XPCOM
Using the. NET Framework class to parse HTML files and read data is not the easiest. Although you can use. many classes (such as streamreader) in the Net Framework to Parse Files row by row. However, the APIS provided by xmlreader are not "out of the box, because the HTML format is not standard. You can use regular expressions (regular expressions), but if you are not familiar with these expressions, you may find them difficult at the beginning.
Microsoft's XML Master Chris Lovett recently released a new SGML parser called sgmlreader on the http://www.gotdotnet.com website, which can parse HTML files and even convert them into a formatted and regular structure. Sgmlreader is derived from xmlreader, which means that you can parse HTML files like using classes such as xmltextreader to parse XML files. In this article, I will introduce how to use the sgmlreader class to parse HTML files and generate formatted HTML, so that you can use XPath statements to read data.

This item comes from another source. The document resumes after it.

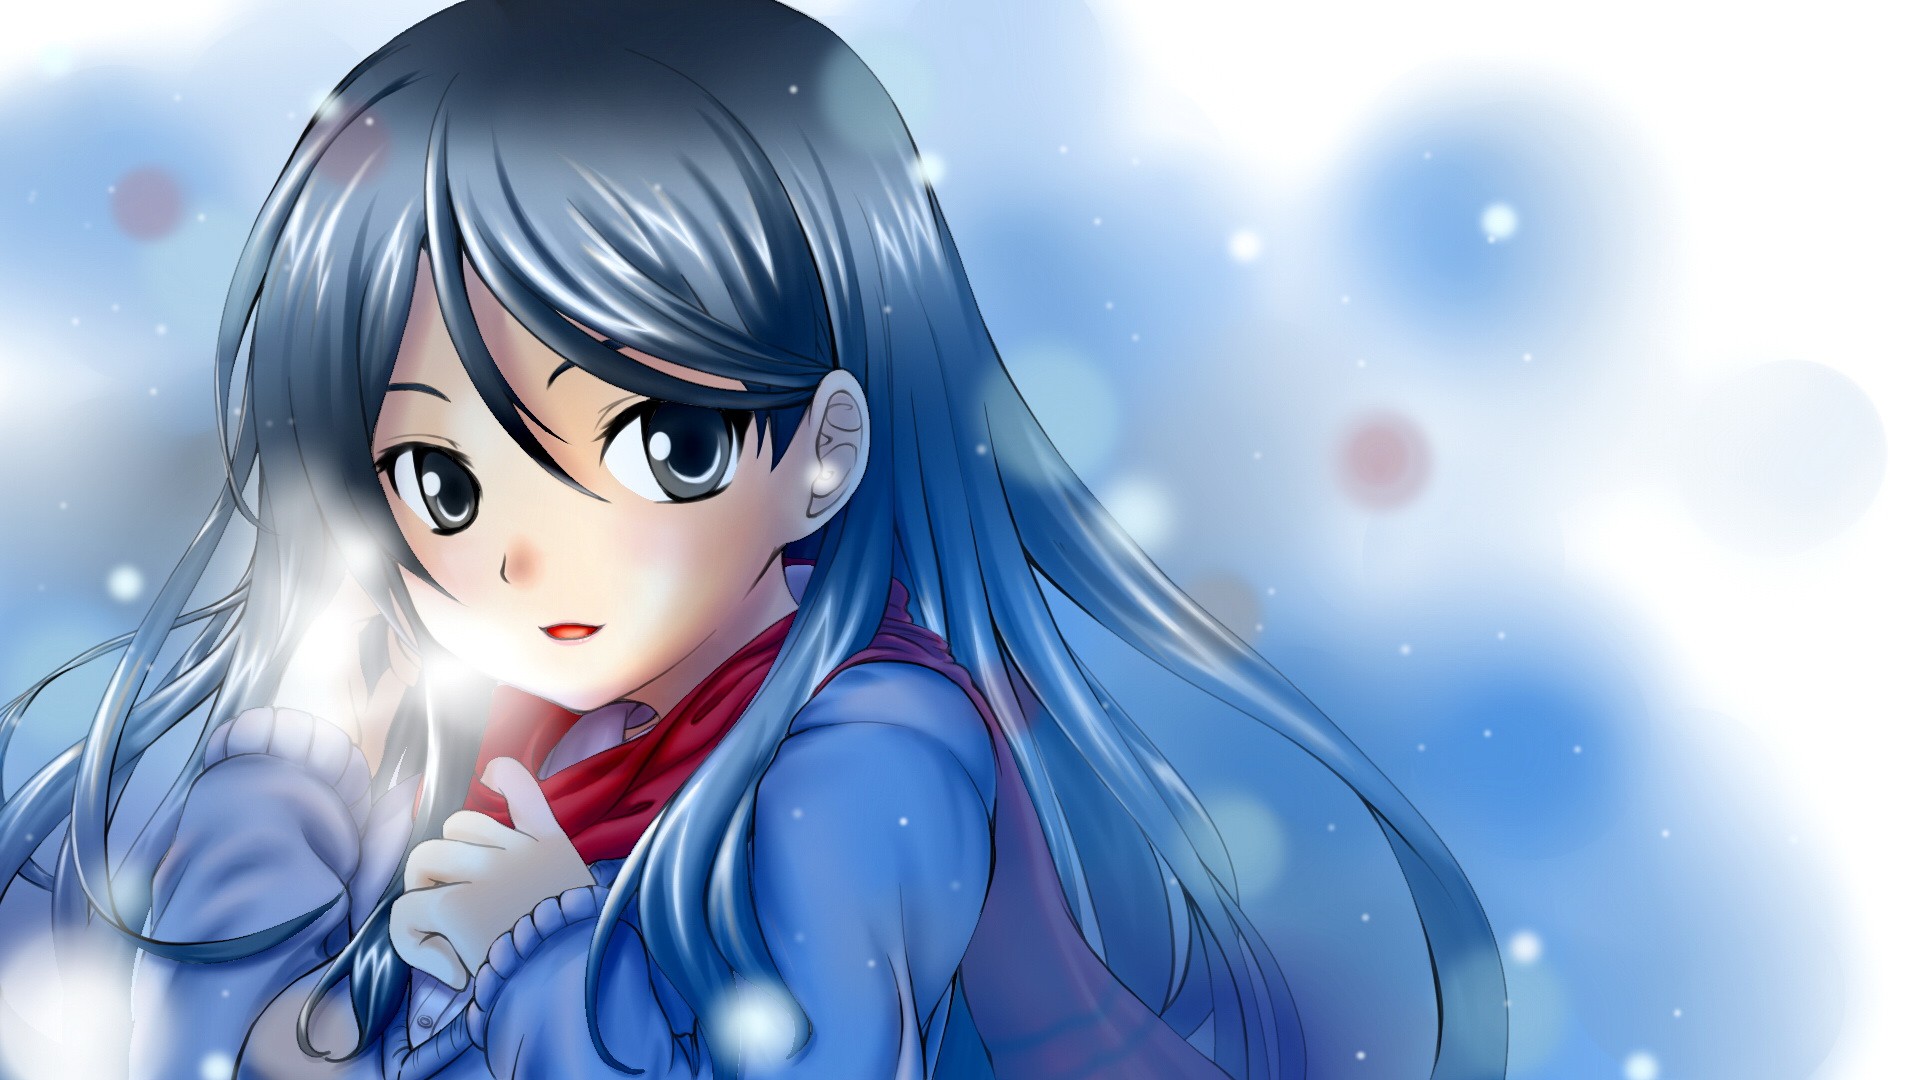 Anime Mùa đông, cô gái Anime, Mở miệng, Tóc dài, Tuyết, Lạnh, Mắt là hình nền đầy cảm hứng và nghệ thuật. Với tông màu trắng xanh lạnh và cá tính của cô gái Anime, bức hình nền sẽ đưa bạn đến một vùng đất giá lạnh, nơi tuyết rơi và cô gái Anime đang tưởng nhớ. Hãy cùng khám phá bức tranh tuyệt đẹp này!

Create an sgmlreader instance to parse HTML
Before using sgmlreader, download it from gotdotnet.com and put the Assembly in your application bin folder. After using the Assembly set, you can write code to read the HTML you want to parse. In this example, we use the httpwebrequest and httpwebresponse objects to access a remote HTML file: httpwebrequest Req =
(Httpwebrequest) webrequest. Create (URI );
Httpwebresponse res =
(Httpwebresponse) Req. getresponse ();
Streamreader sreader = new
Streamreader (res. getresponsestream ());
After obtaining a remote HTML file, you can create an instance of the sgmlreader class. By setting its doctype attribute to "html", users can know that you are processing HTML files: sgmlreader reader = new sgmlreader ();
Reader. doctype = "html ";
The response stream of the HTML file can be loaded to the sgmlreader instance and parsed through its inputstream attribute. First, load the HTML file stream to a textreader object, and then assign the textreader to the inputstream attribute: reader. inputstream = new
Stringreader (sreader. readtoend ());
Now, you can call sgmlreader's read () method to parse HTML files: Sw = new stringwriter ();
Writer = new xmltextwriter (SW );
Writer. Formatting = formatting. indented;
While (reader. Read ()){
If (reader. nodetype! = Xmlnodetype. whitespace ){
Writer. writenode (reader, true );
}
}
Because sgmlreader creates standard HTML, you can use XPath statements to read different nodes. The following code illustrates how to load the output result generated by sgmlreader to an xpathnavigator, and then use an XPATH statement to query the HTML file structure: stringbuilder sb = new stringbuilder ();
Xpathdocument Doc = new xpathdocument (New
Stringreader (SW. tostring ()));
Xpathnavigator nav = Doc. createnavigator ();
Xpathnodeiterator nodes = nav. Select (XPath );
While (nodes. movenext ()){
SB. append (nodes. Current. value );
}
Return sb. tostring ();
Click here to view an instance demonstration of the sgmlreader class.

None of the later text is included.